I've never been on them consistently but then again I am mostly a shore fisherman and can't chase them around. 

I did catch an 8-9lb hybrid last year just up the Great Miami in November. It was really cold and windy and I was throwing a small rapala x rap into a current seam near a deep hole. 

I'd like to know if they school up this time of year?


----------



## NLC25 (Jan 21, 2008)

I'd definitely be interested in hearing about this as well!


----------



## BMagill (May 5, 2004)

My historically peak day for members of the Morone family in Cincinnati is October 15, going on 6 years. For some reason, I always do well this time of year. Most I catch are white bass with occasional hybrid and rare true striper, but if you can find em the action can be non stop. 4 years ago had a 150+ fish day with the two boys, catching them on 3"-4" shad swimbaits, just cast and they would hit it on the fall.

Of course, this year it seems to be a lot cooler, but I'm giving it a shot Friday and Saturday anyways. If you happen to see a 17' Triumph center console "Kelly Rae", that will be me, stop and say hey.


----------



## NLC25 (Jan 21, 2008)

BMagill, 

What types of areas are you fishing?


----------



## BMagill (May 5, 2004)

Mostly creek and river mouths with good depth changes.


----------



## longhaulpointer (Mar 12, 2009)

sounds like the bengals will only be on the radio so i think i'm gonna try sunday.
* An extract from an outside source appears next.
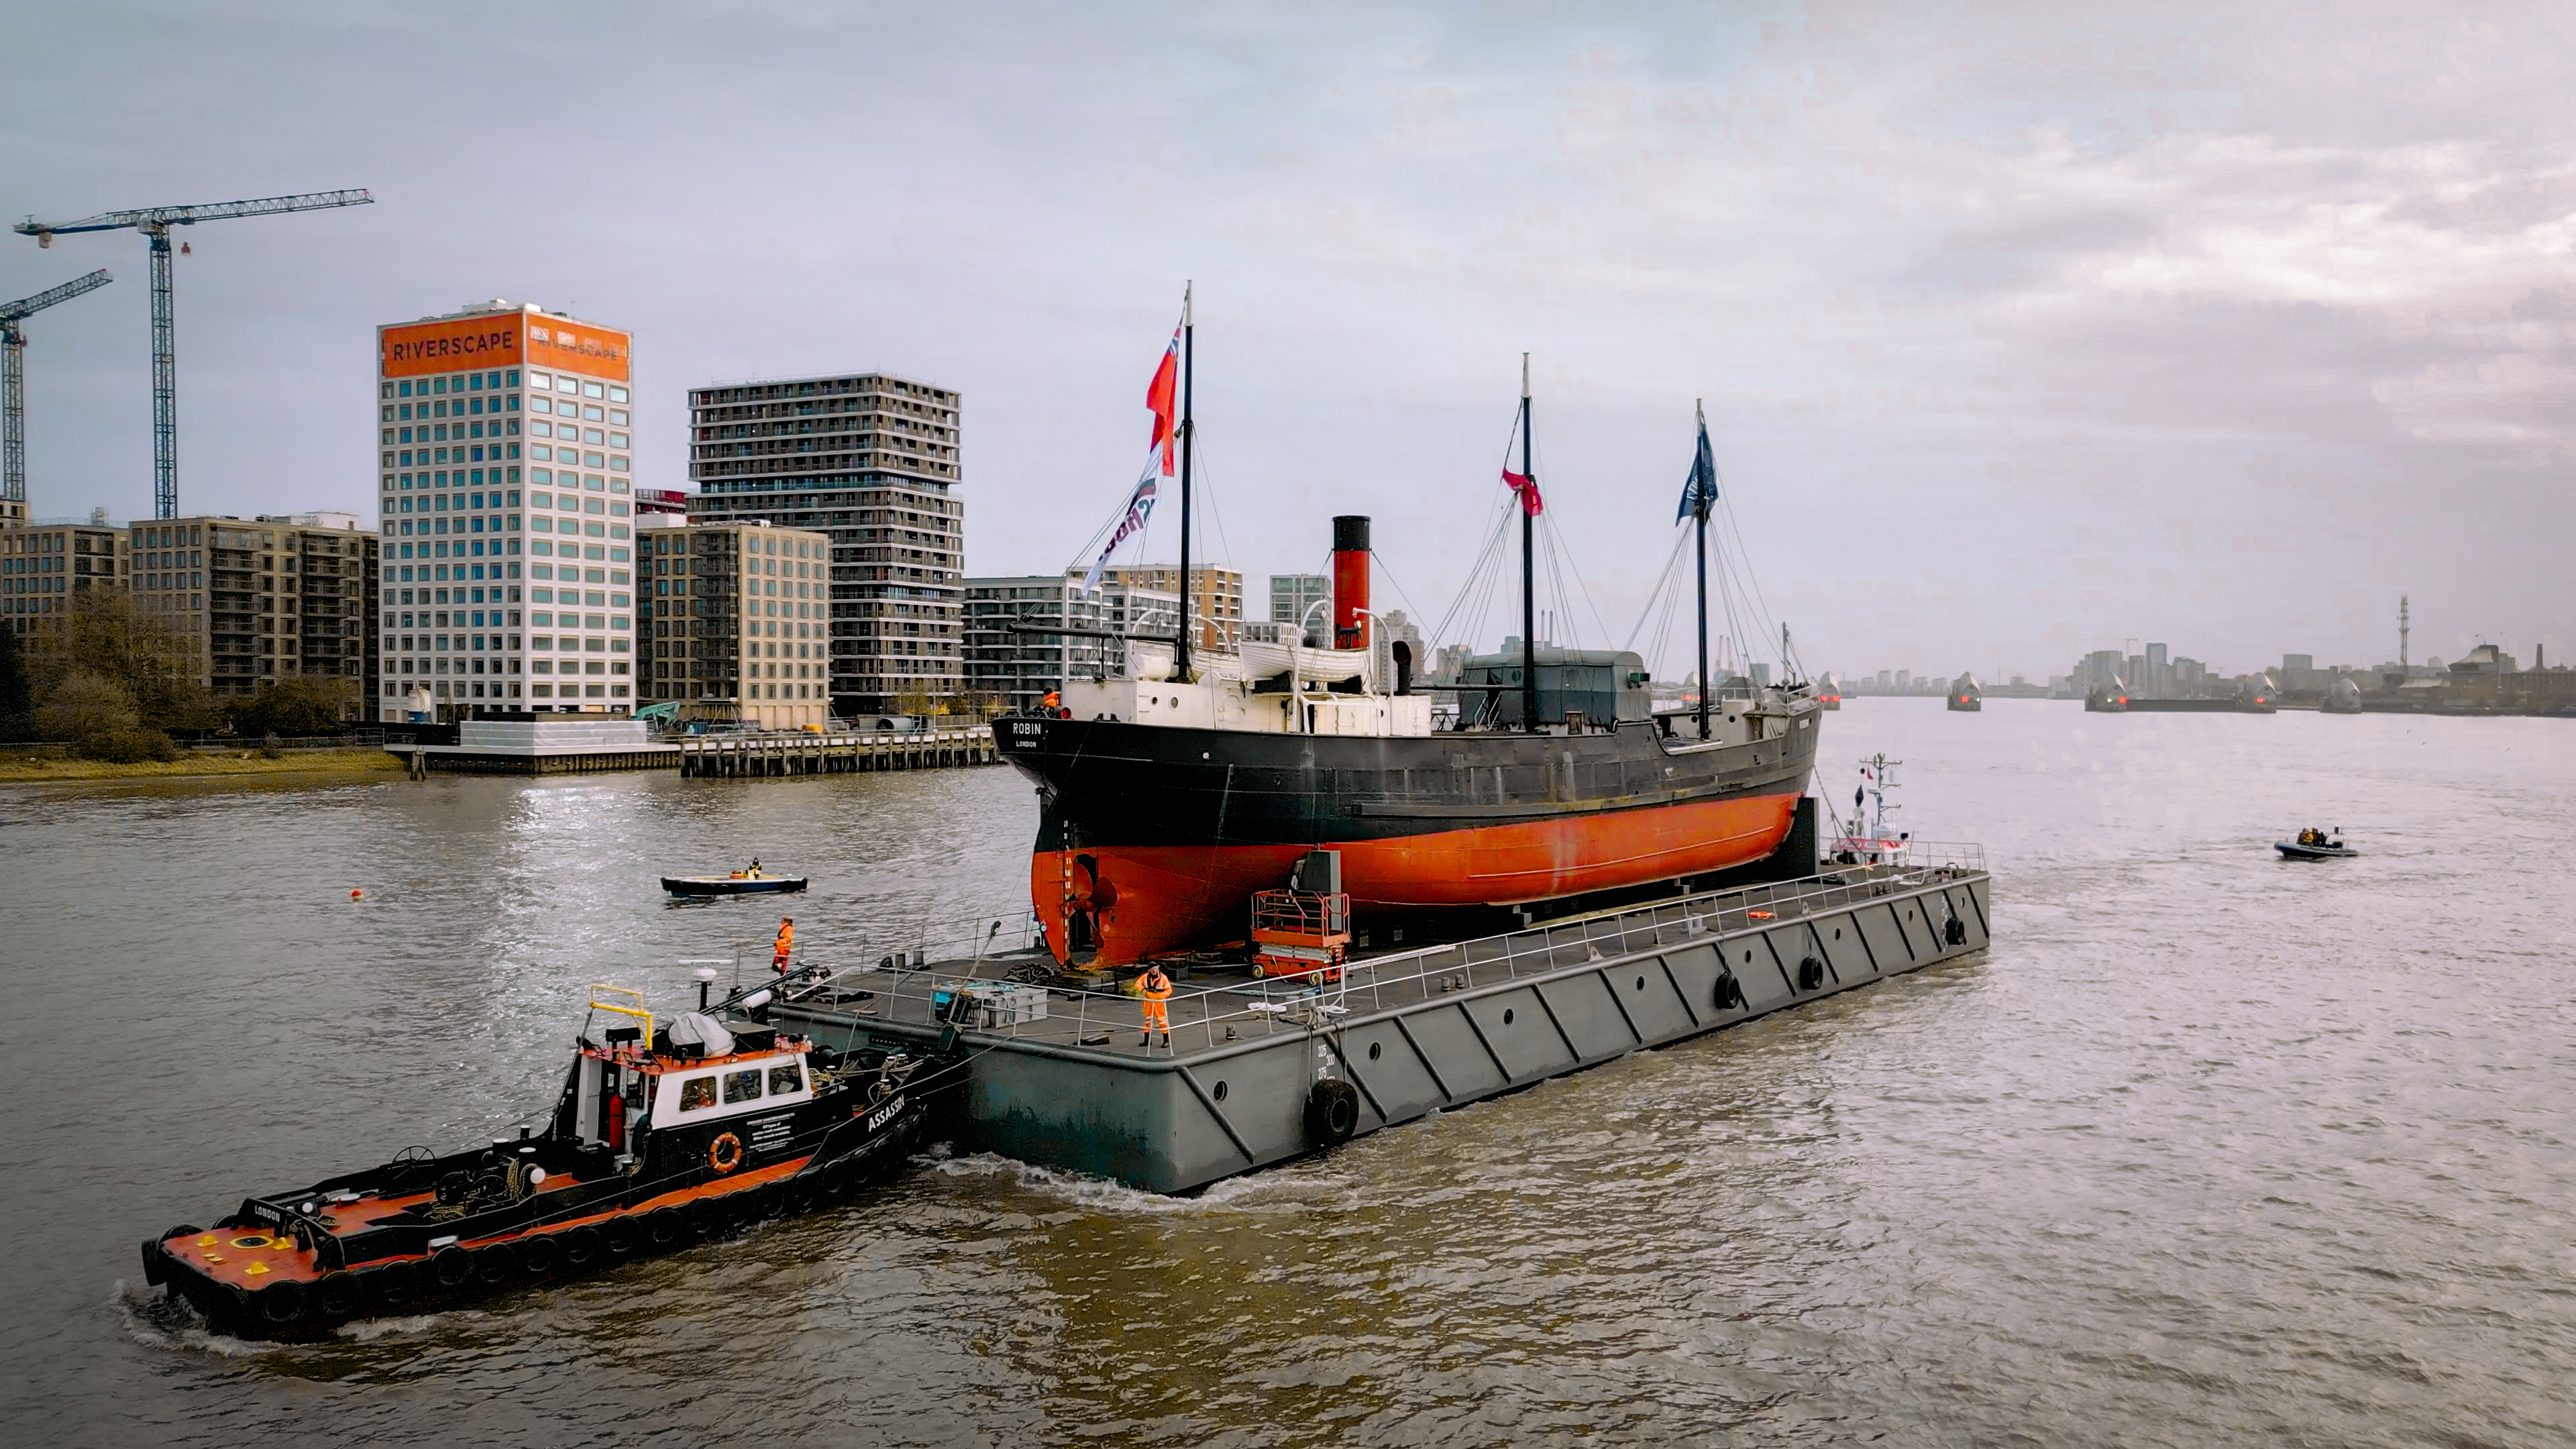 Steamship SS Robin being transported on the Thames to her new home

I'll be in a beat up 16 and a half lund


----------



## daddycraw (May 25, 2009)

put in at tanners creek thursday after work. got on the main river about 5:15. trolled downstream from the mouth of the gmr and picked up about 6 fish. 4 looked like hybrids(12- 16") but two were 4 lb'rs and looked liked stripers(22-24"). they haven't been there like the used to be but you will still get em


----------



## NLC25 (Jan 21, 2008)

Thanks for the report...do you like to troll particular types of banks or do you key in on a depth and make a long troll?


----------



## daddycraw (May 25, 2009)

thats not an easy question to answer. it mostly depends on if i'm catching fish on a certain type of bottom. sometimes i'll long troll, sometimes i'll beat one spot within an inch of it's death. however, unless the fish are suspended, i do always try to match the depth of my crankbait to the depth of the bottom. i like to find areas with quick little humps and drops. i like to see my rod tip move so i know that the lure is in the game and diggin up the bottom
p.s. loadin up the boat and hopin for some fast n furious!


----------